In its initial investigation, the NLRB accepted BrucePac’s explanation that the layoffs had a legitimate business rationale — that it was because of a continuing business downturn that had begun in 2007. But Roy says the day after the layoff, help wanted notices went up on BrucePac’s workplace bulletin boards. New temporary employees were brought in. And workers were asked to work overtime.

Meanwhile, the trial seemed to show why BrucePac workers might want a union. Coria testified that he arrived at the Silverton plant at 5:30 a.m. for a 10-hour shift, four days a week.
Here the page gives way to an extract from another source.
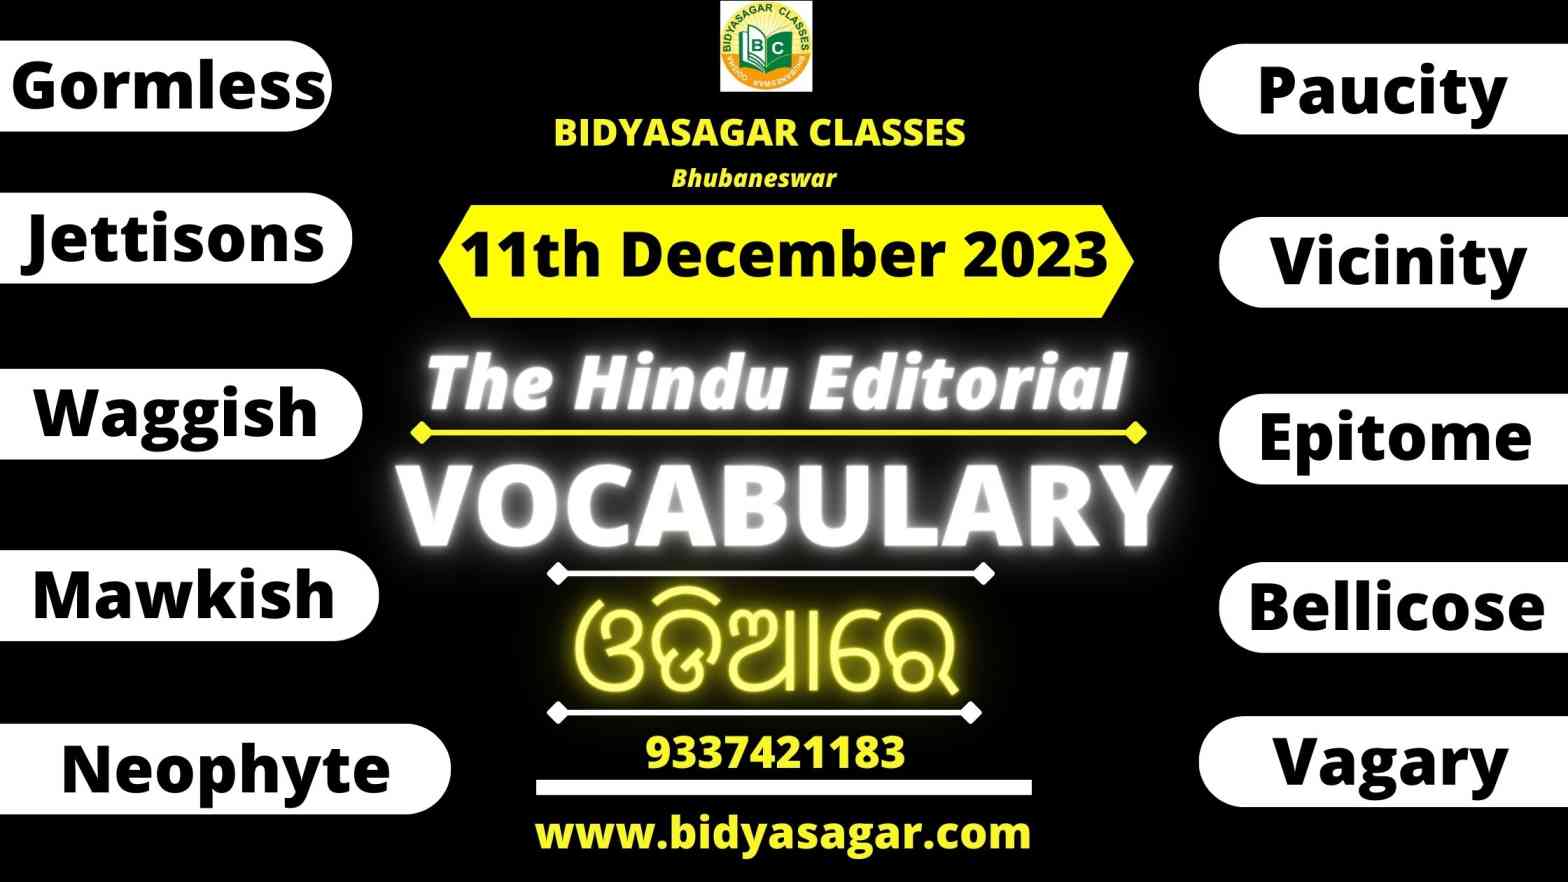 The Hindu Editorial Vocabulary of 11th December 2023

Wearing a coat and two pairs of gloves, he pressure washed floors, cleaning up blood that leaked from boxes of meat. Handling hazardous chemicals, he cleaned and sanitized machines and walk-in coolers at temperatures of 20 below zero. He drove a forklift, took out the trash, and trained as many as 10 new employees during the decade he worked at BrucePac. All this for $10.75 an hour, $2.35 above Oregon’s minimum wage.

So when his brother called the union, Coria got involved. He encouraged coworkers to support the union, hosted three union meetings at his home, and spoke daily to co-workers about the union during breaks in the company lunchroom.

After the final meeting, Coria distributed to co-workers a union-created pamphlet entitled, “35 things your employer cannot do.”

One of 35 things was … fire workers for supporting a union campaign.